Executive Order 12333 is binding on executive branch personnel and those operating on its behalf and violations may result in administrative discipline, including dismissal from service. With a possible exception for military personnel, however, it is not a crime to violate a provision of Executive Order 12333. While a president can revoke the executive order’s prohibition on assassination, that would not thereby permit operations that would violate the referenced federal criminal statutes.
The president would need to be apprised whether the covert action or any specific means authorized for the covert action could be seen as inconsistent with provisions of international law, including views of international law that differ with those held by the United States.

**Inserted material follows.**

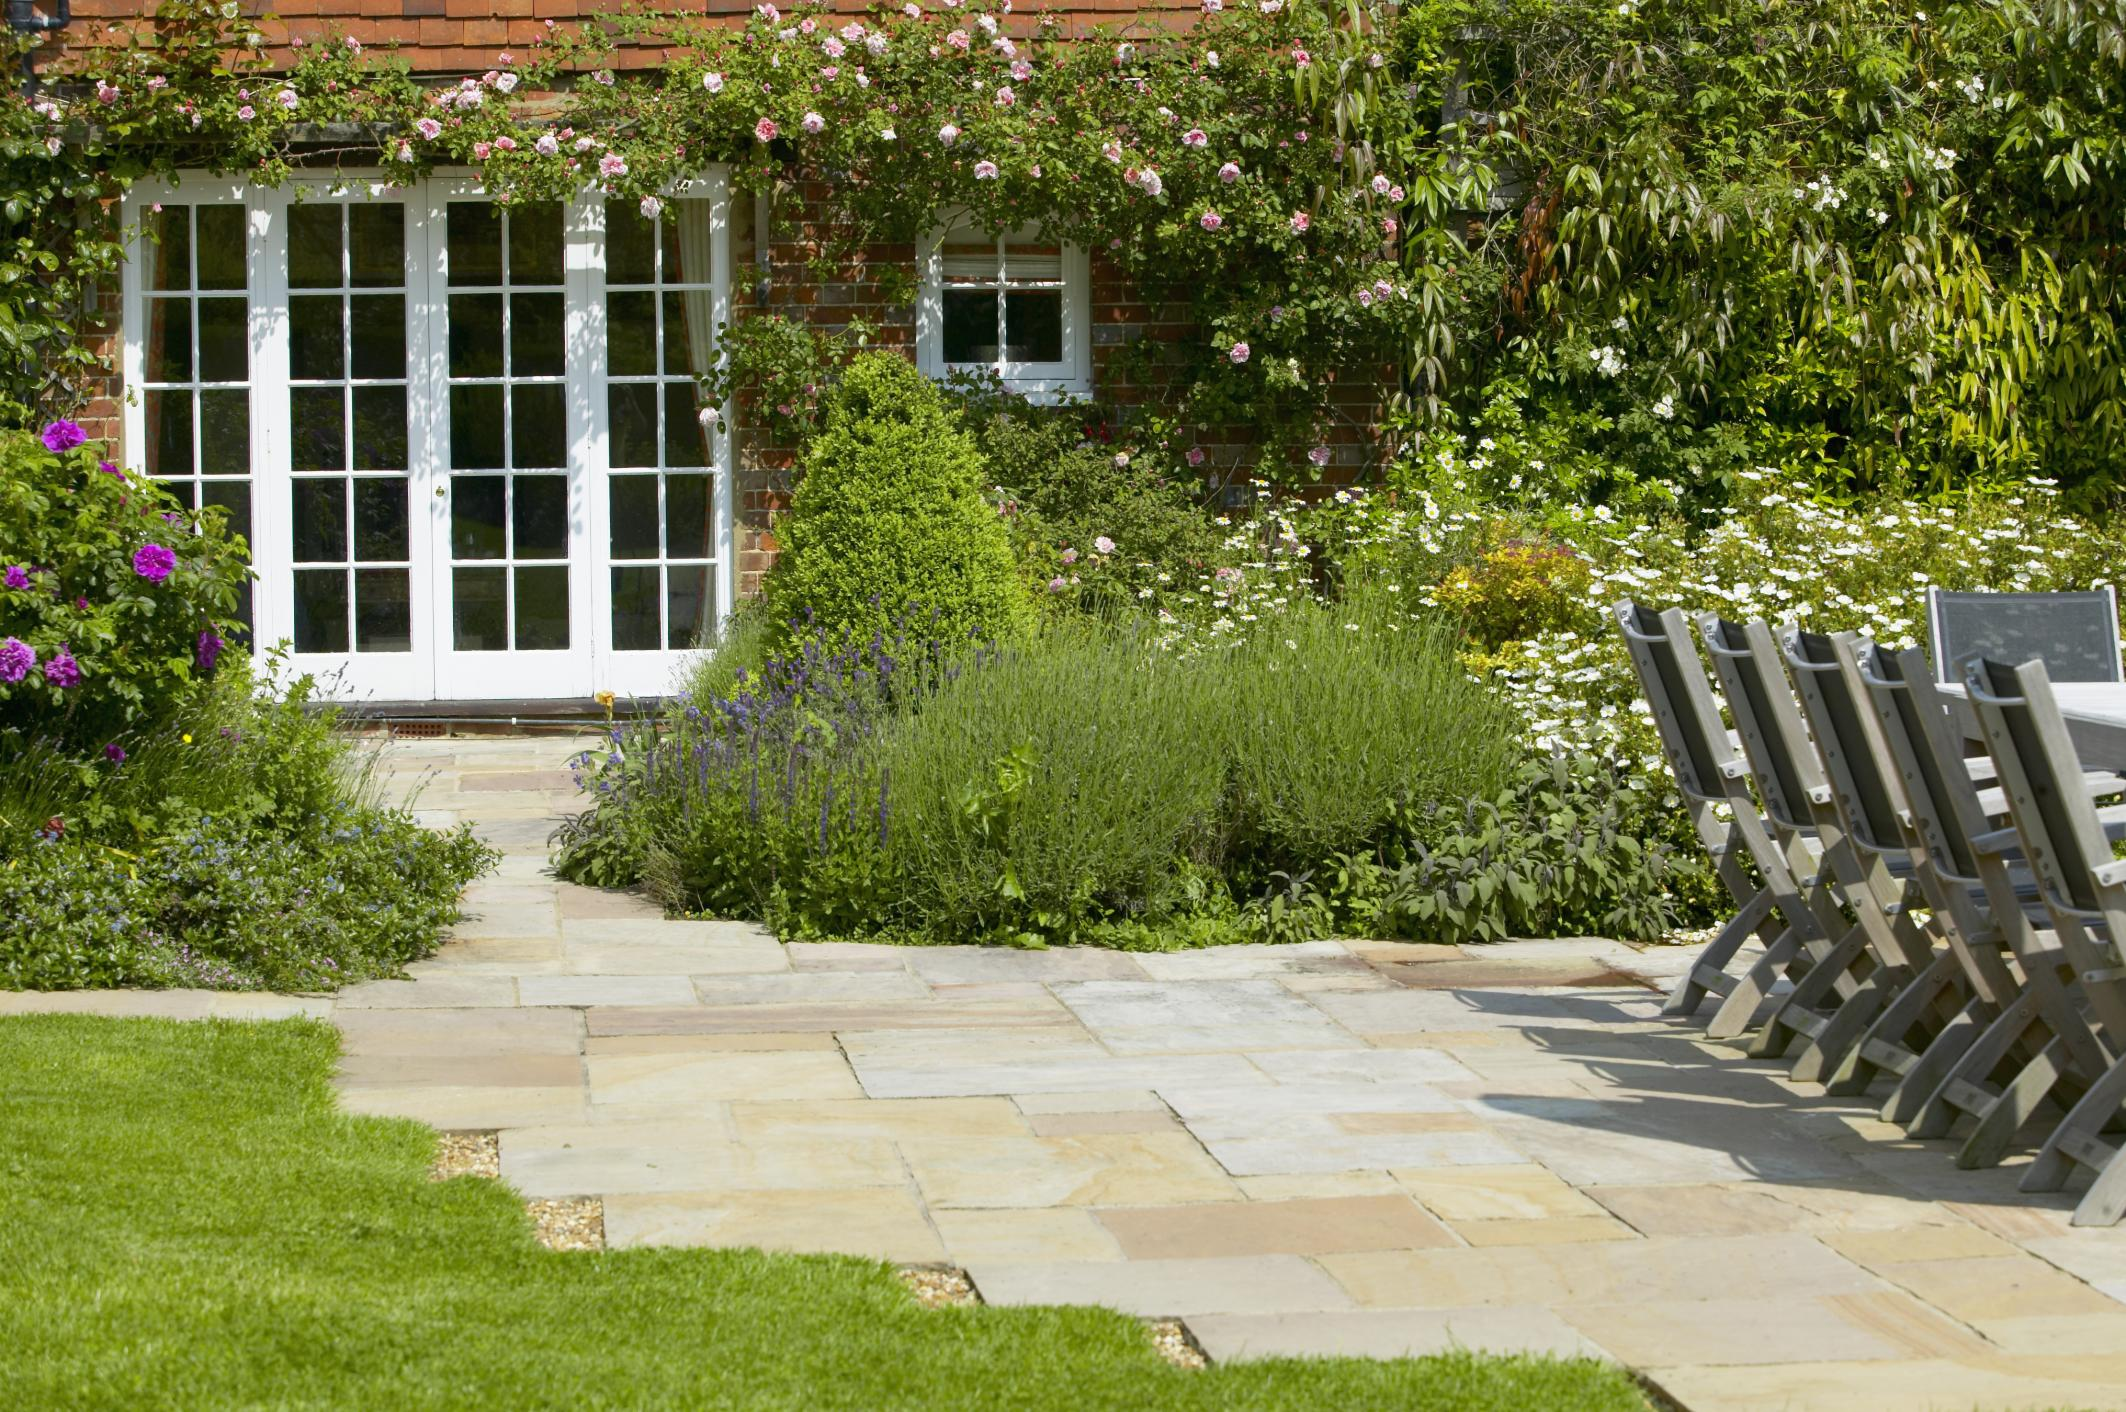 17 easy landscaping ideas for Channel 4 garden design ideas

The National Security Act does not bar the president from authorizing a covert action that might violate aspects of international law so long as those aspects are neither codified in a federal statute nor that constrain United States conduct as a matter of U.S. Constitutional law. Once apprised, the president may then knowingly decide as a matter of policy whether or not to authorize that covert action or those means under a covert action.

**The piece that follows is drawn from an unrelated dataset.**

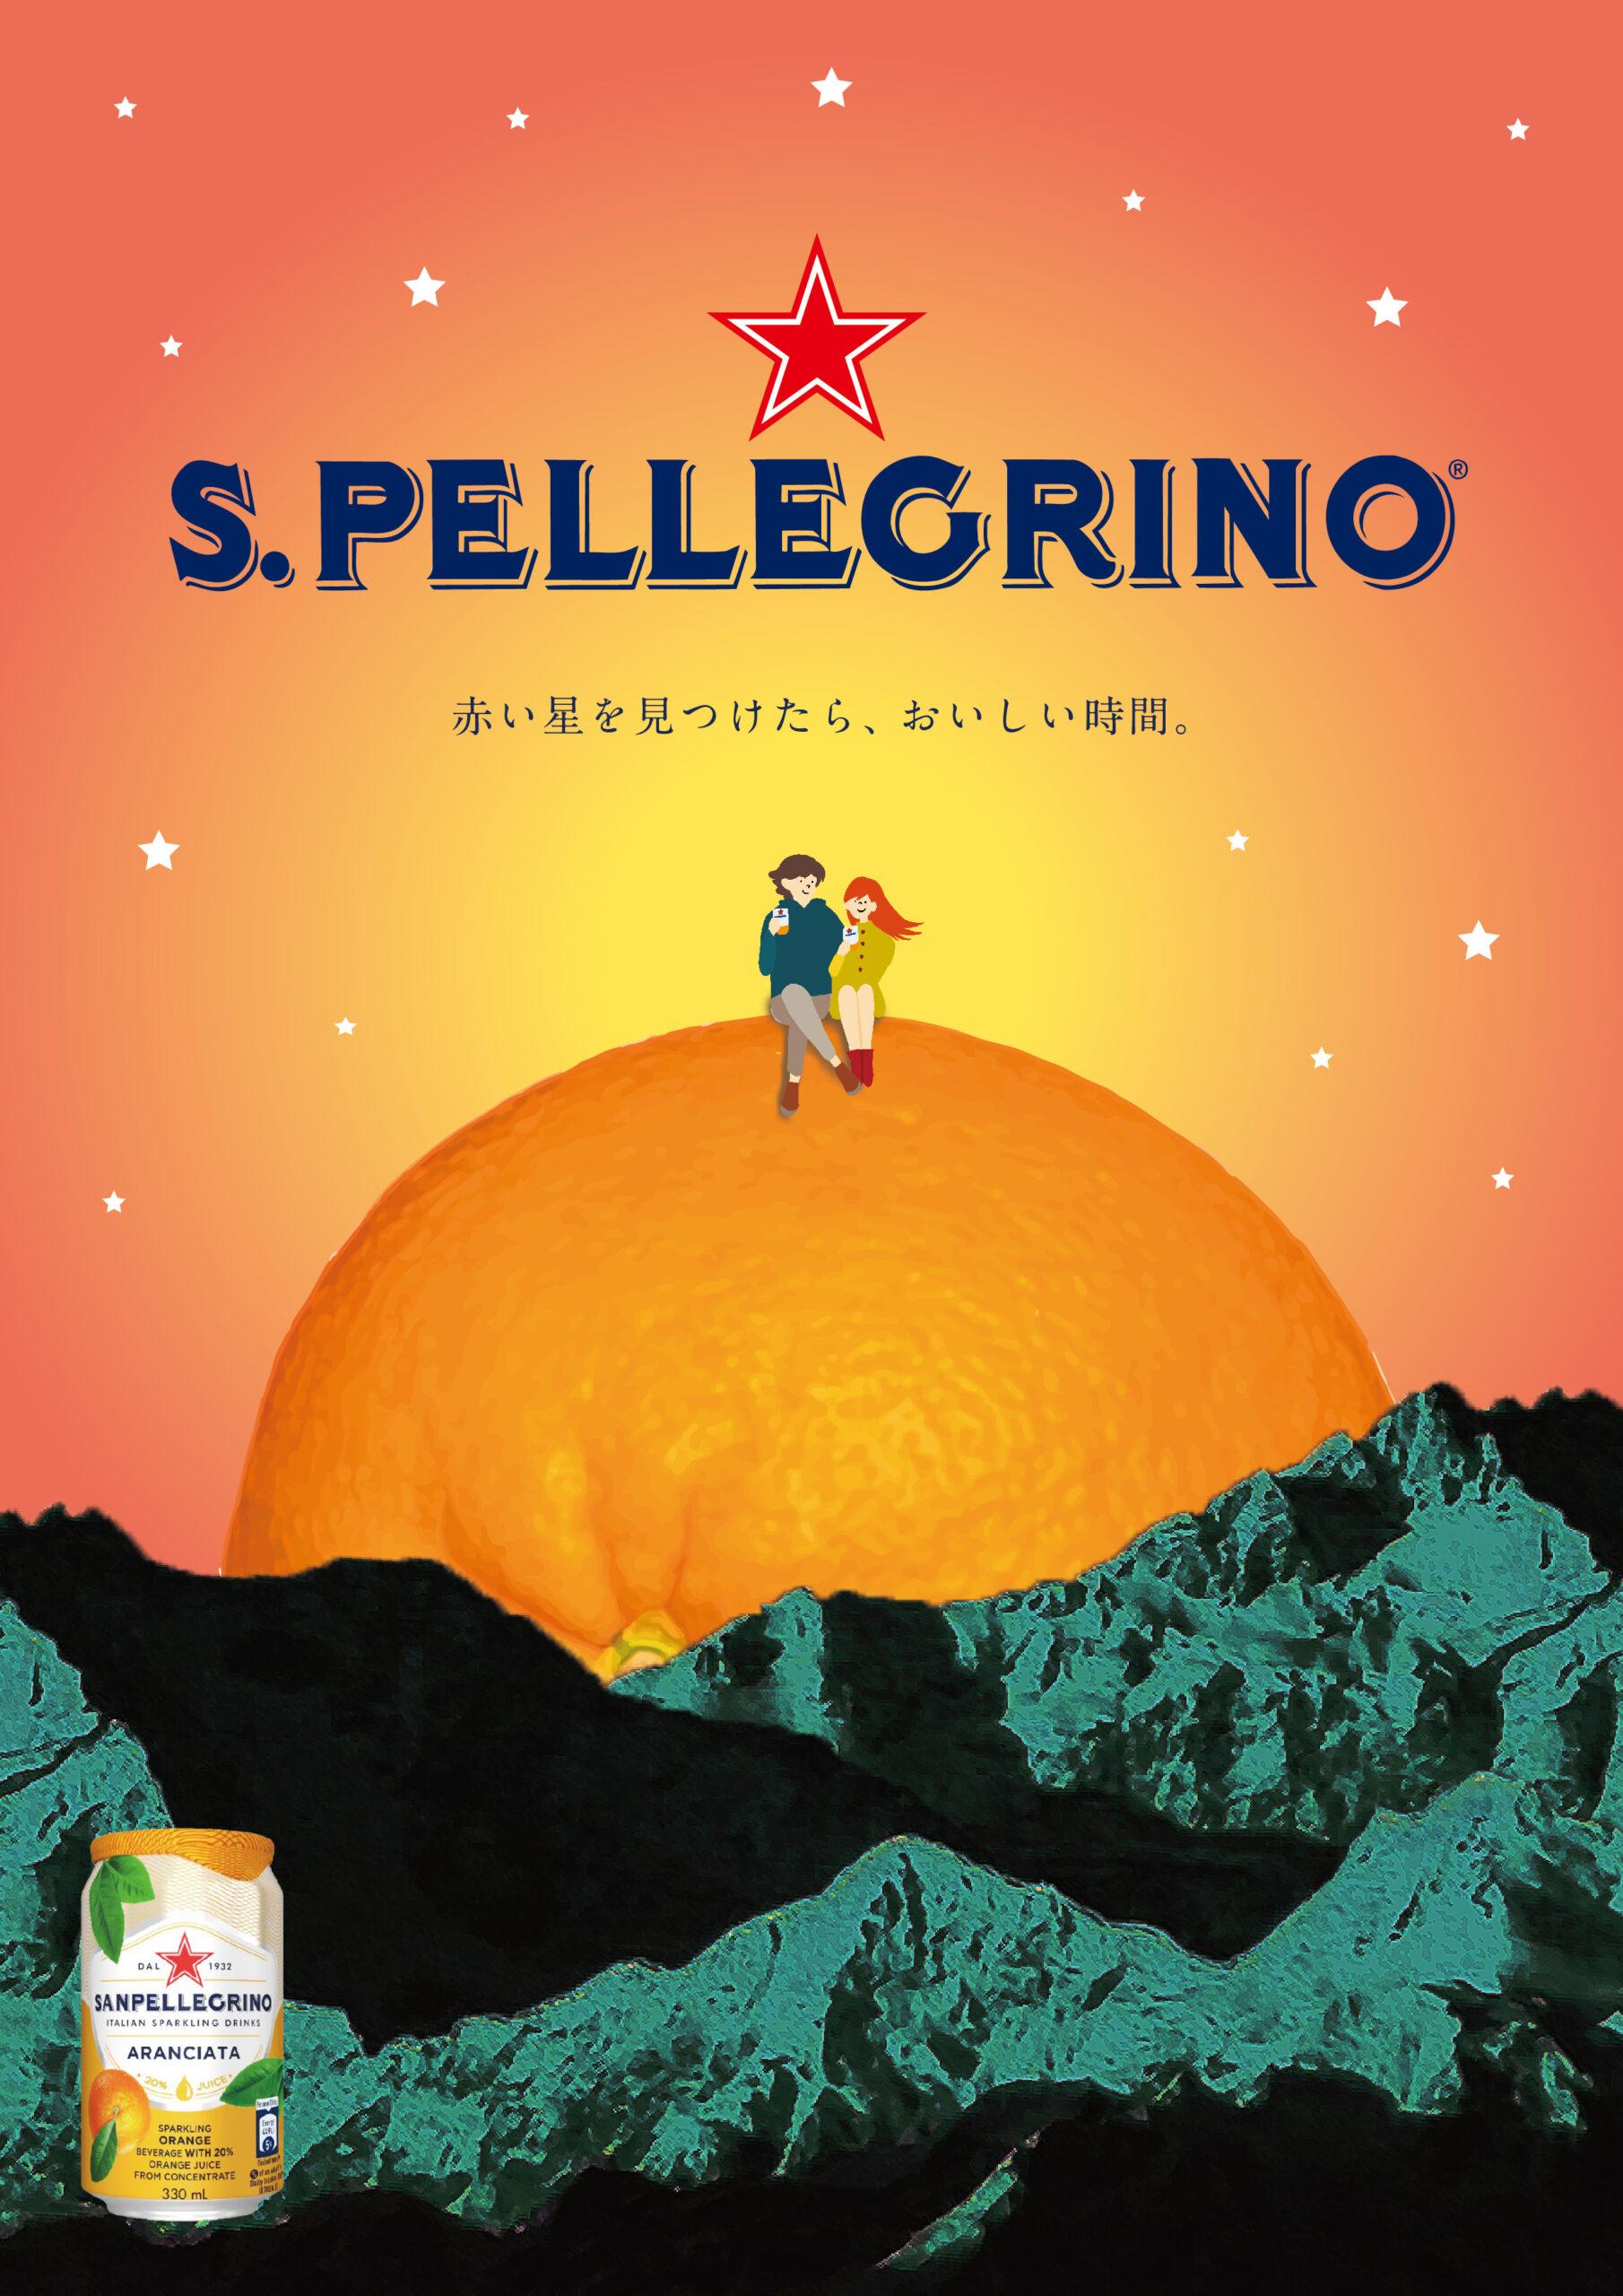 S.Pellegrinoの広告作ってみた(夕焼けカップル編)

A finding, however, could not permit CIA to use means intended to influence United States political processes, public opinion, policies, or media. For example, a finding could not authorize CIA to try to influence regime change abroad by influencing the U.S. media to print certain stories. While this restriction sounds straightforward and simple to meet, the pervasive osmosis of information into the borderless digital realm presents an increasingly difficult challenge.
Congress can also refuse to appropriate funding for, or prohibit the use of existing appropriated funds for specific activities under any covert actions. Thus, were a finding to issue authorizing CIA to undertake regime change operations to which Congress objected, Congress could effectively nullify or limit the regime change operations authorized in a finding by exercising its “power of the purse” to withholding funds from all or parts of the covert action.

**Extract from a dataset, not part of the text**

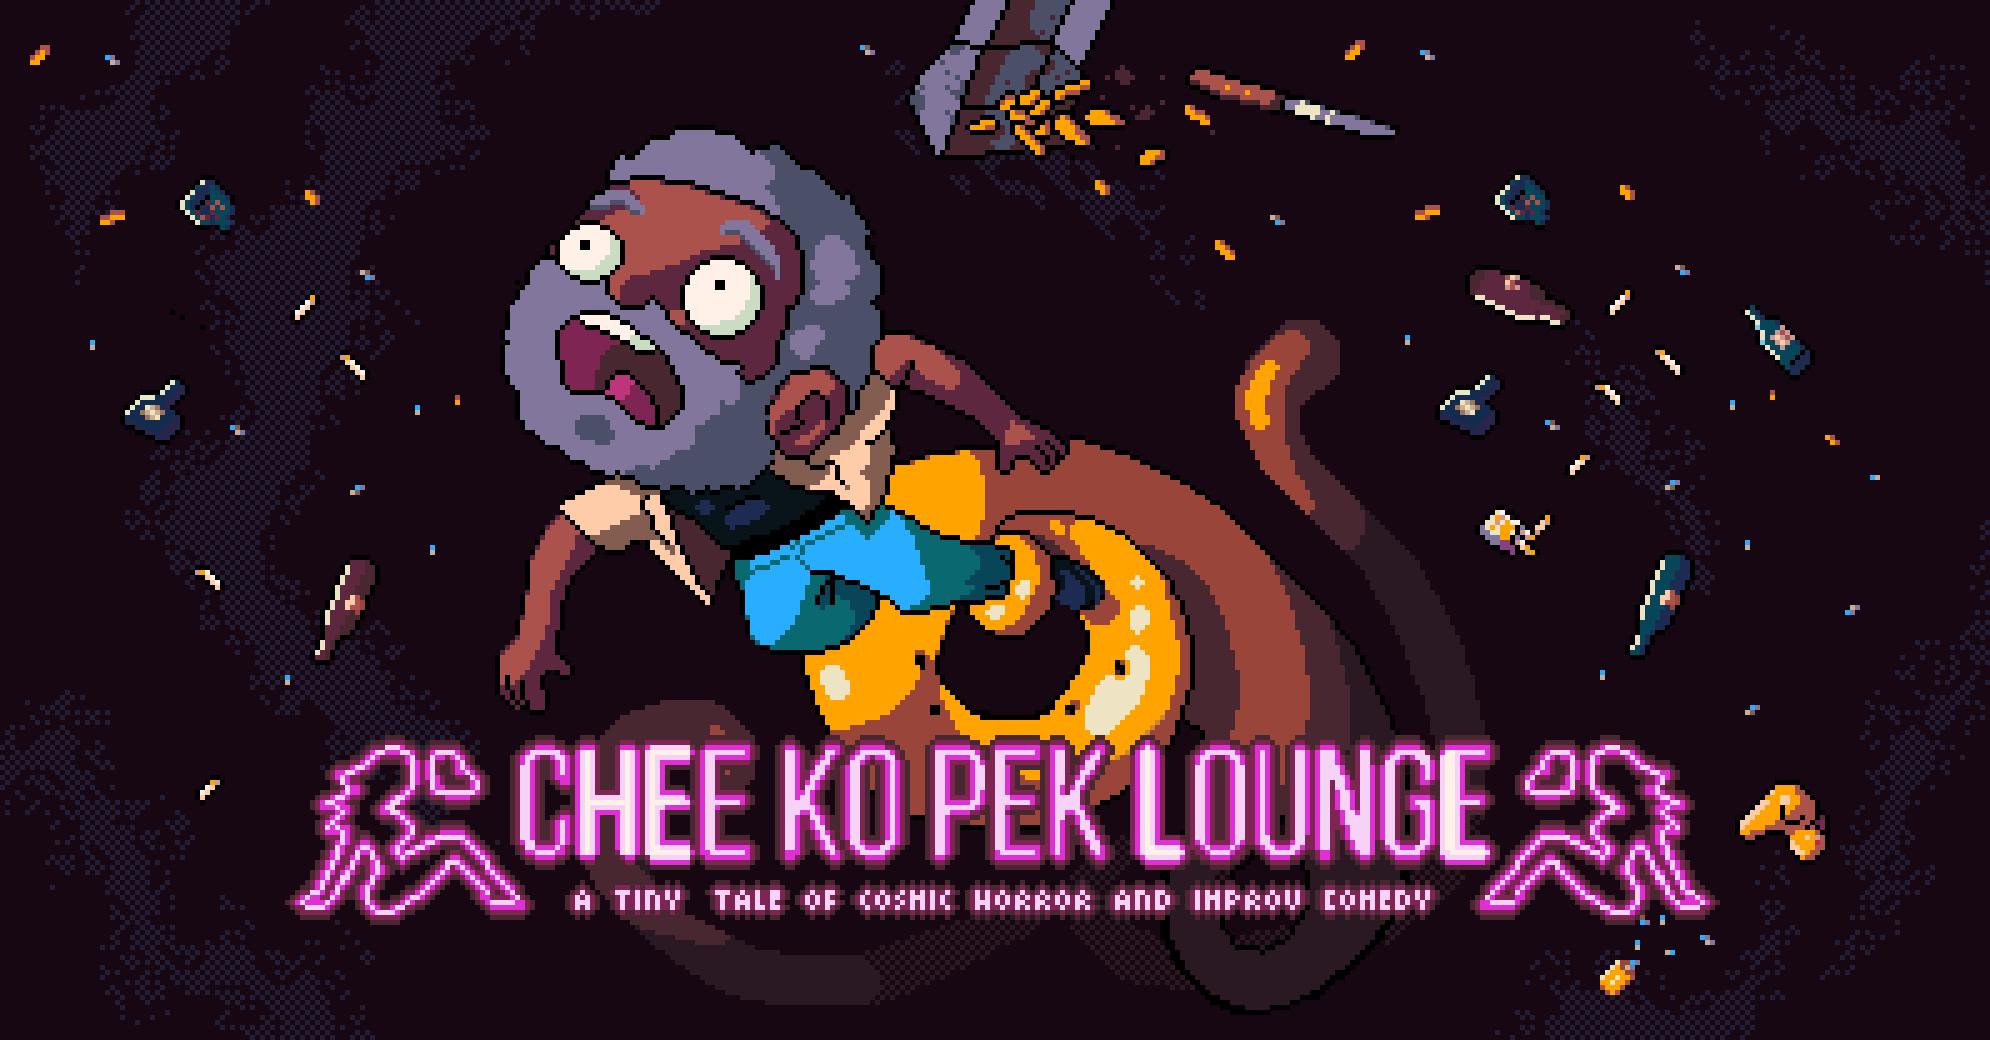 Chee Ko Pek Lounge

In short, CIA’s authority to conduct operations for the purpose of effecting a regime change overseas is clear if the operation is a covert action. The president must authorize the covert action and notify Congress. The covert action could not be pursued using means that would violate the U.S. Constitution, federal statutes, or Executive Order 12333’s ban on assassination, and that avoids or minimizes an unintended influence on United States political processes, public opinion, policies, or media. The covert action would need to have sufficient support in Congress that appropriated funds would be made available.